- _Supplied records_
[Start of section]

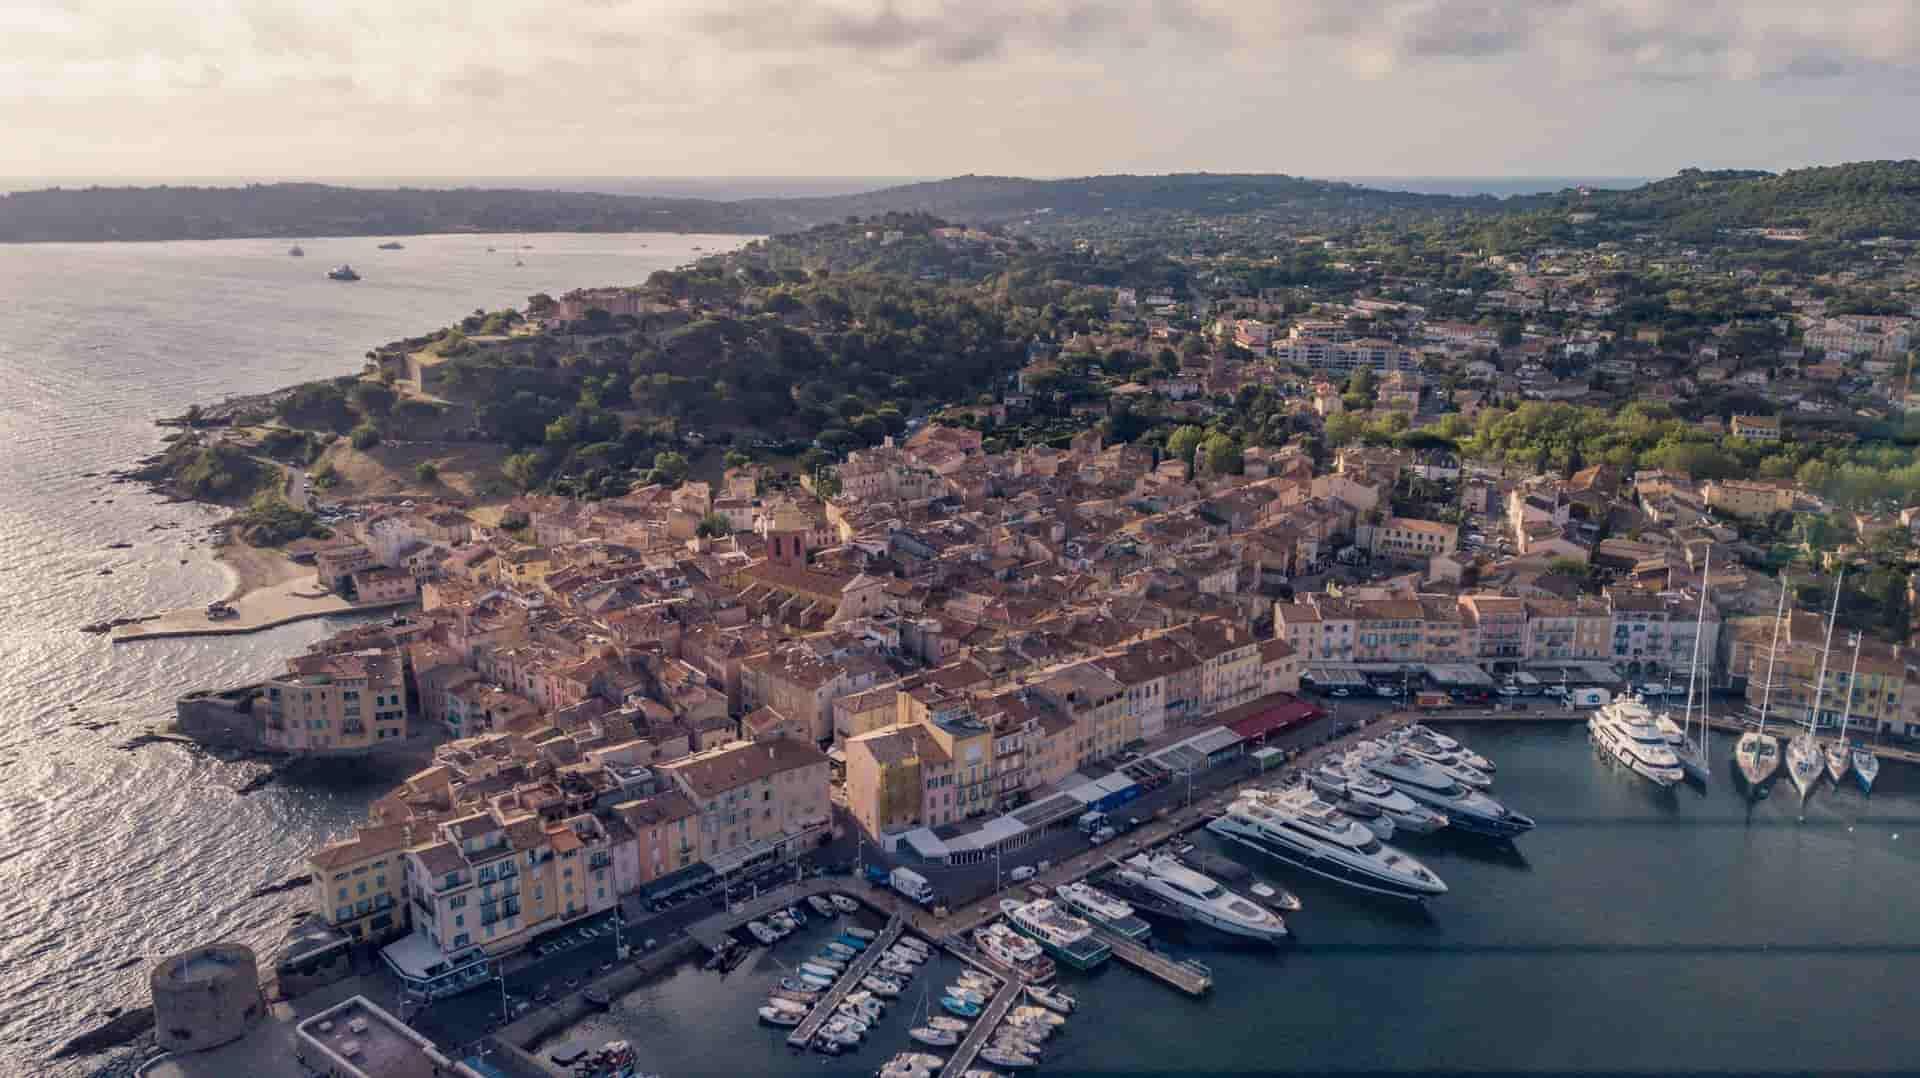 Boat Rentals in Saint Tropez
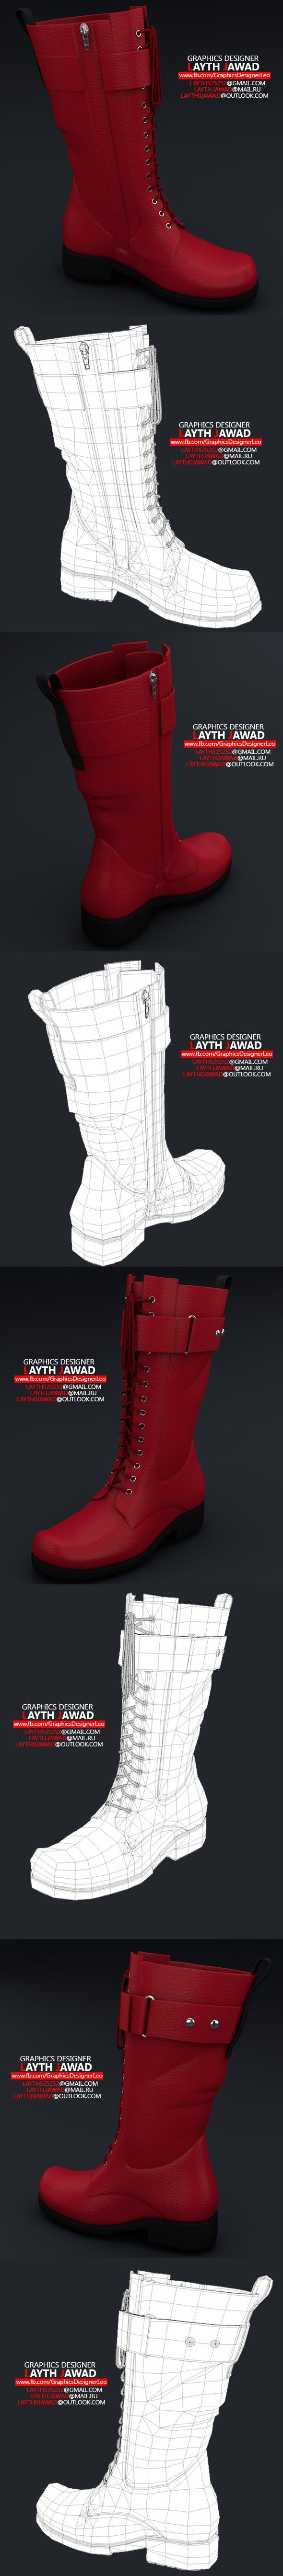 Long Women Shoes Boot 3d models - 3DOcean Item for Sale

[End of section]
[Start of section]

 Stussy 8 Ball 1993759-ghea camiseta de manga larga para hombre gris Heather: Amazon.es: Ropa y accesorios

[End of section]
[Start of section]

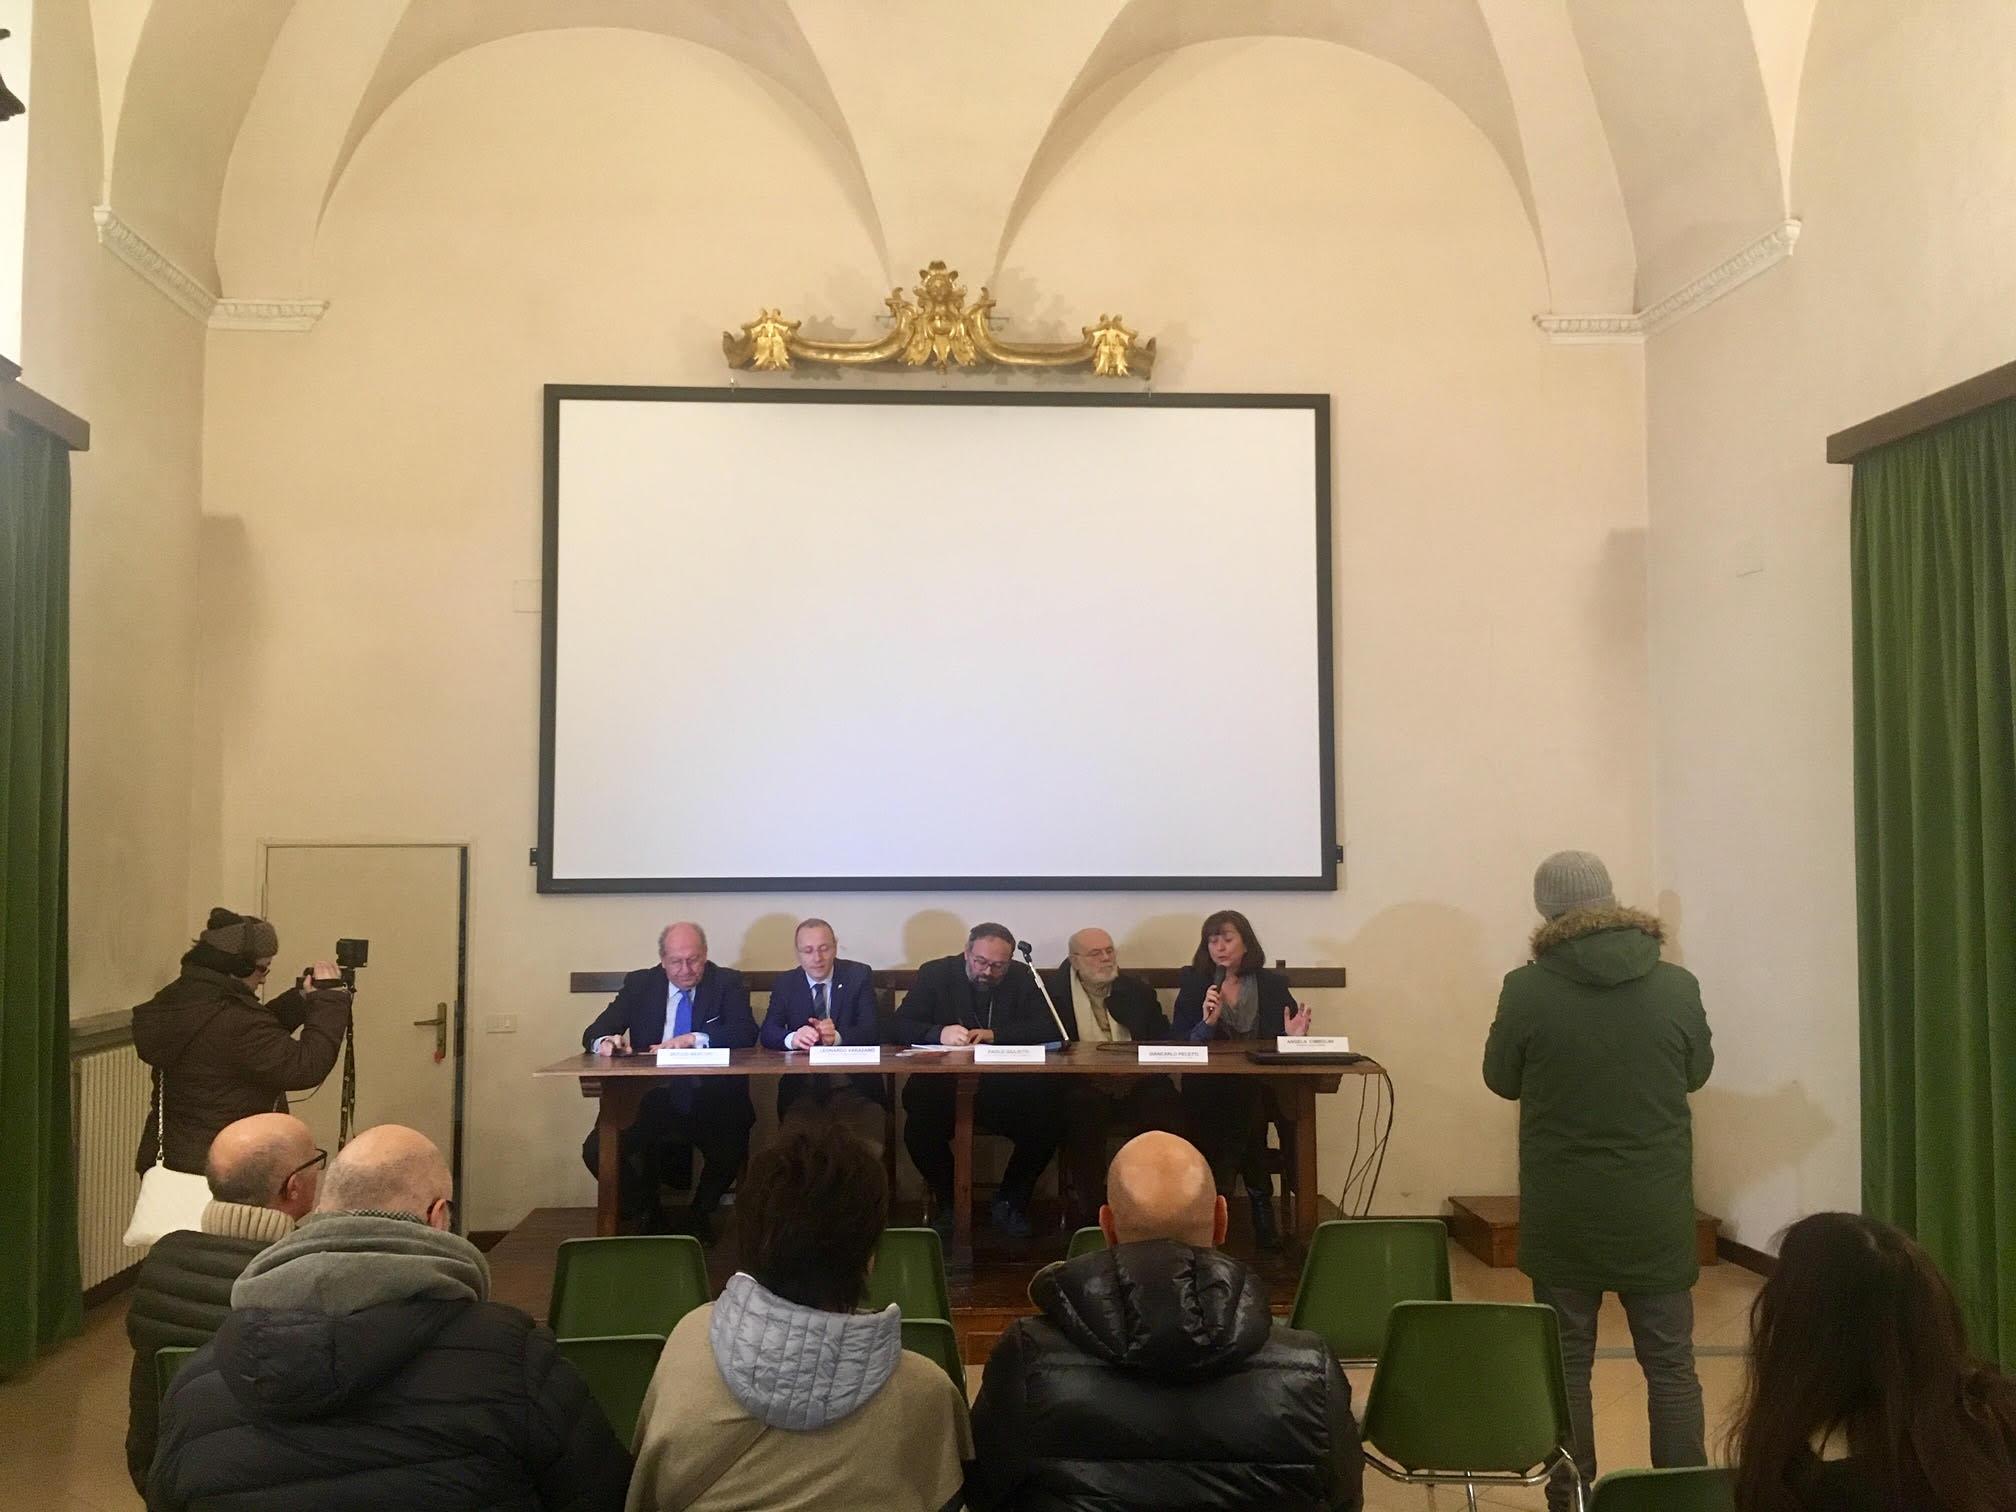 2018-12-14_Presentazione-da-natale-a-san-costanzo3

[End of section]

In the entries above, find the line containing "Boat Rentals in Saint Tropez" and the line containing "Long Women Shoes"; give again exactly those two lines and every line between them, minus the pictures.

 Boat Rentals in Saint Tropez
 Long Women Shoes Boot 3d models - 3DOcean Item for Sale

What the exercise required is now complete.